Main Outcome Measures

Changes in spherical equivalent (SE) and AL were measured, and their differences among groups were compared using generalized estimating equation.

Results

After 1 year, the mean SE change was −0.27±0.61 D, −0.46±0.45 D, −0.59±0.61 D, and −0.81±0.53 D in the 0.05%, 0.025%, and 0.01% atropine groups, and placebo groups, respectively (P < 0.001), with a respective mean increase in AL of 0.20±0.25 mm, 0.29±0.20 mm, 0.36±0.29 mm, and 0.41±0.22 mm (P < 0.001).
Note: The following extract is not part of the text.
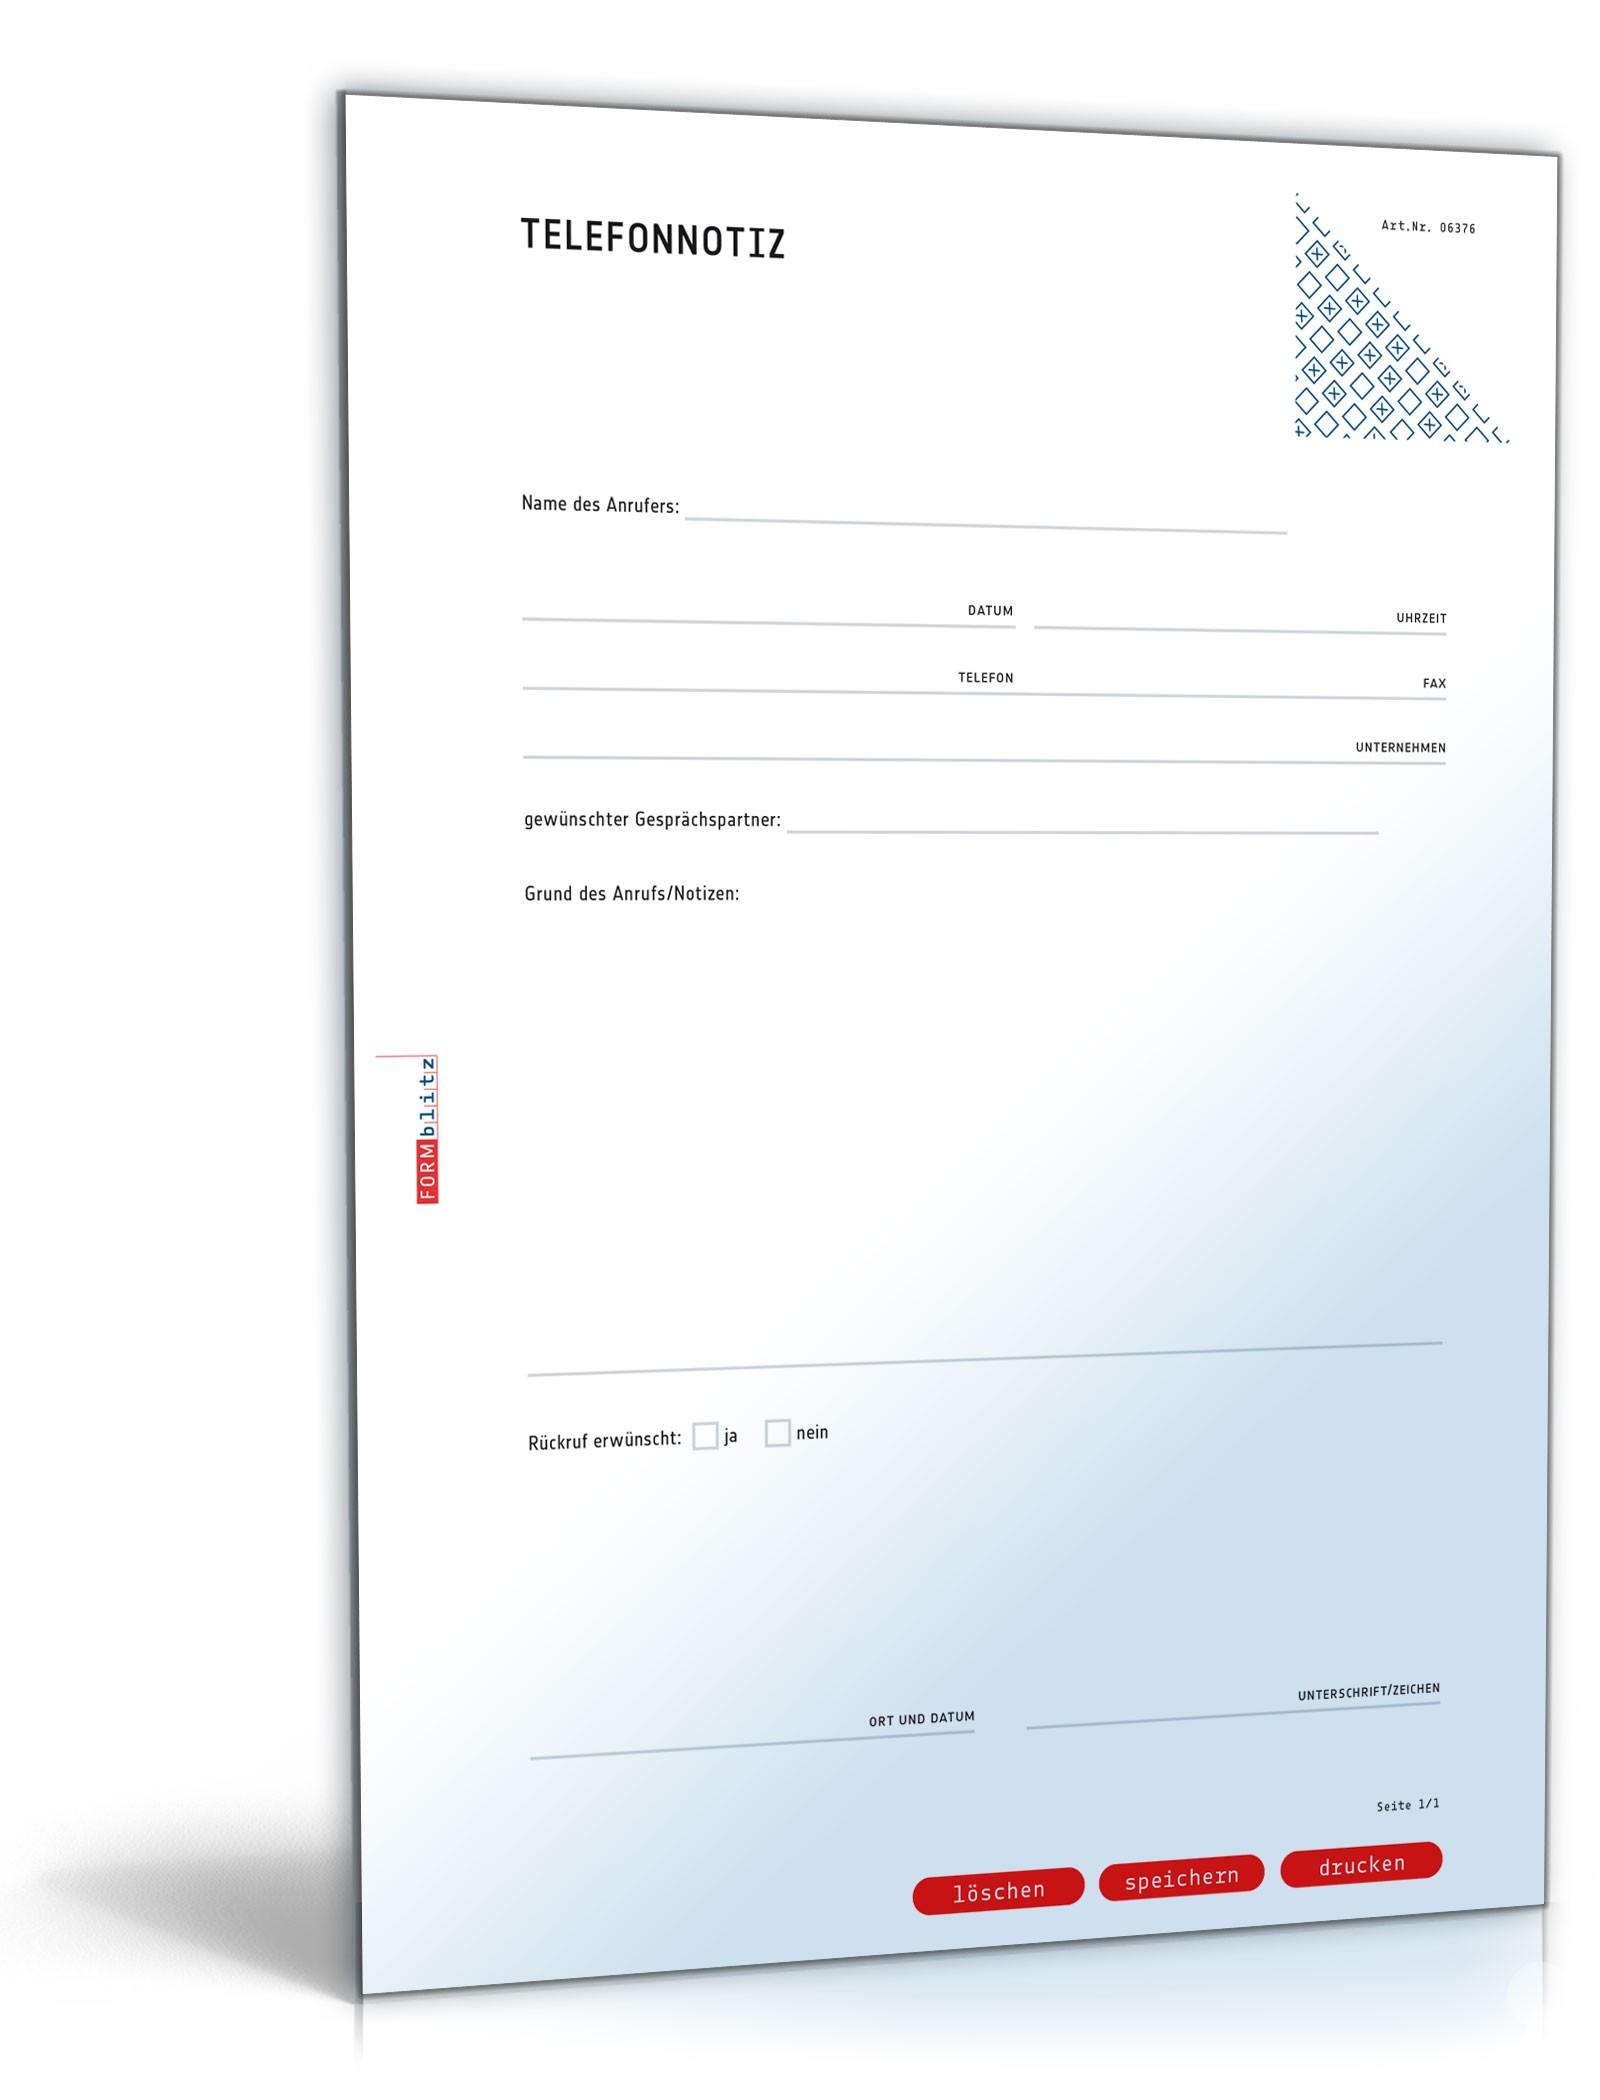 Gesprächsnotiz für ein Telefonat (Telefonnotiz) Dokument zum Download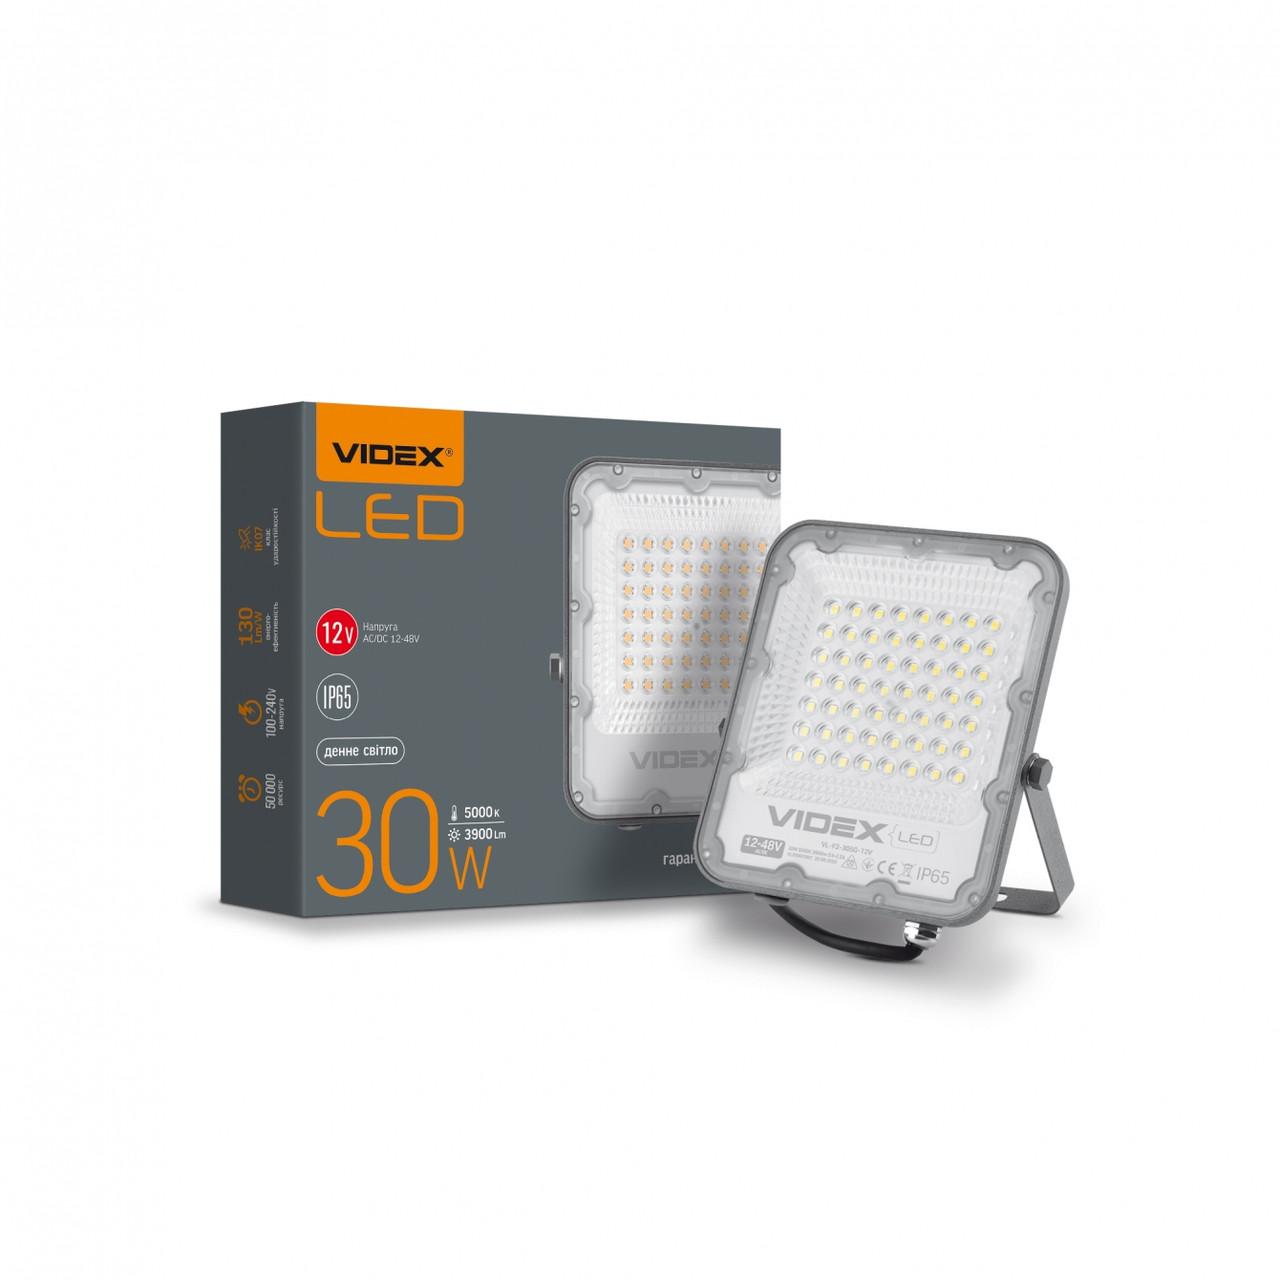 Прожектор LED на 12-48 вольт 30W біле світло 3900Lm VIDEX PREMIUM

The accommodation amplitude was reduced by 1.98±2.82 D, 1.61±2.61 D, 0.26±3.04 D, and 0.32±2.91 D, respectively (P < 0.001). The pupil sizes under photopic and mesopic conditions were increased respectively by 1.03±1.02 mm and 0.58±0.63 mm in the 0.05% atropine group, 0.76±0.90 mm and 0.43±0.61 mm in the 0.025% atropine group, 0.49±0.80 mm and 0.23±0.46 mm in the 0.01% atropine group, and 0.13±1.07 mm and 0.02±0.55 mm in the placebo group (P < 0.001). Visual acuity and vision-related quality of life were not affected in each group.

Conclusions

The 0.05%, 0.025%, and 0.01% atropine eye drops reduced myopia progression along a concentration-dependent response. All concentrations were well tolerated without an adverse effect on vision-related quality of life. Of the 3 concentrations used, 0.05% atropine was most effective in controlling SE progression and AL elongation over a period of 1 year.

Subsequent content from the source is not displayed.